My artistic practice was cultivated within a Norwegian context, specifically around language, translation and non-sense. During my MFA, I used my position as an outsider to the Norwegian language to simulate another Norwegian - ‘taal-eh’ - a language which adopted elements of a pidginlanguage in its development. taal-eh is a language I imagine to operate as the uncannyof Norwegian. taal-eh is the point where speakers recognise a language as ‘their own’ and yet they cannot speak of themselves in that language.


taal-eh is the de-naturalisation of ideology from a “legitimised” language; it is performed through a process which i refer to as the islanding of a “legitimised” language from ideological discourse ( 1 ). to island a “legitimised” language is to alienate the rituals that enable its proliferation: speaking and writing ([1).

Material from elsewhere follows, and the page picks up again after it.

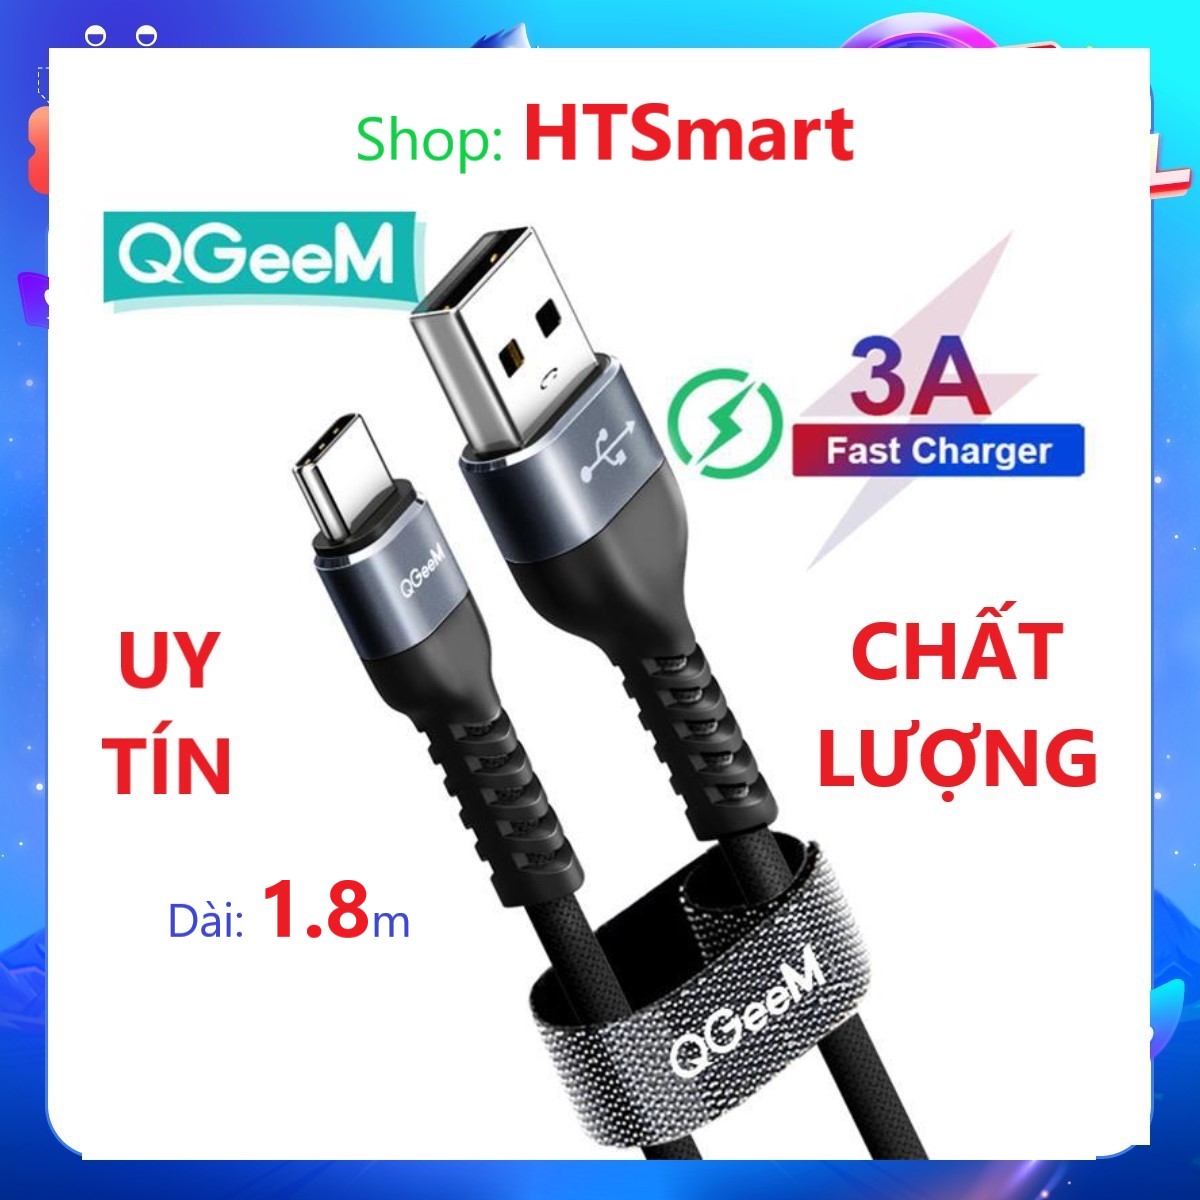 Cáp sạc nhanh QGeeM USB Type C 3A dài 1.8m (Xám Xanh) Siêu bền Truyền dữ liệu tốc độ cao 480 Mbps - Hàng chính hãng

taal-eh uses norwegian as its host language. i collected a vocabulary from norwegian language films by repeating the words i heard spoken back to myself aloud while recording myself. these words would then form the basis of a new vocabulary, most of which was later both recognised – and not – by a norwegian audience: the first step towards islanding a legitimised language is to mispronounce its words – as a rule (3).

i then transcribed the vocabulary, phonetically, using english and afrikaans orthographies (the two languages in which I can speak and write). equally important in this process is the substitution of the signs of the language (4). during this process, it is vital to not fall into the trap of transference of power; i.e. subsequently privileging those with access to english and afrikaans, instead (5).

the final gesture in the islanding process is the alienation of the host language from all recognisable signifiers, which enable a language to have “meaning” and therefore also facilitate its translation into another language (6). the new vocabulary enters into a system of illogical, computerised signs,(7) which cannot be re-produced, both in speaking and in writing (8). the islanded language hence speaks itself for viewers, but does not offer an entry point (9). This work was presented as a room, which simulated a deprivation tank: it was pitch black and soundproof. The language was performed through screens (positioned at different angles and heights), individual speakers and in the vacuums between sound and moving image. The work performed itself over and over again: its effect was realised relationally, only, in participation with language speakers. The work affected itself in the same way that saying a word out loud to yourself many times over makes the word unfamiliar in your mouth .

Installation shots from three different angles of the 'taal-eh' exhibition at Tromsø Academy of Contemporary Art 2015.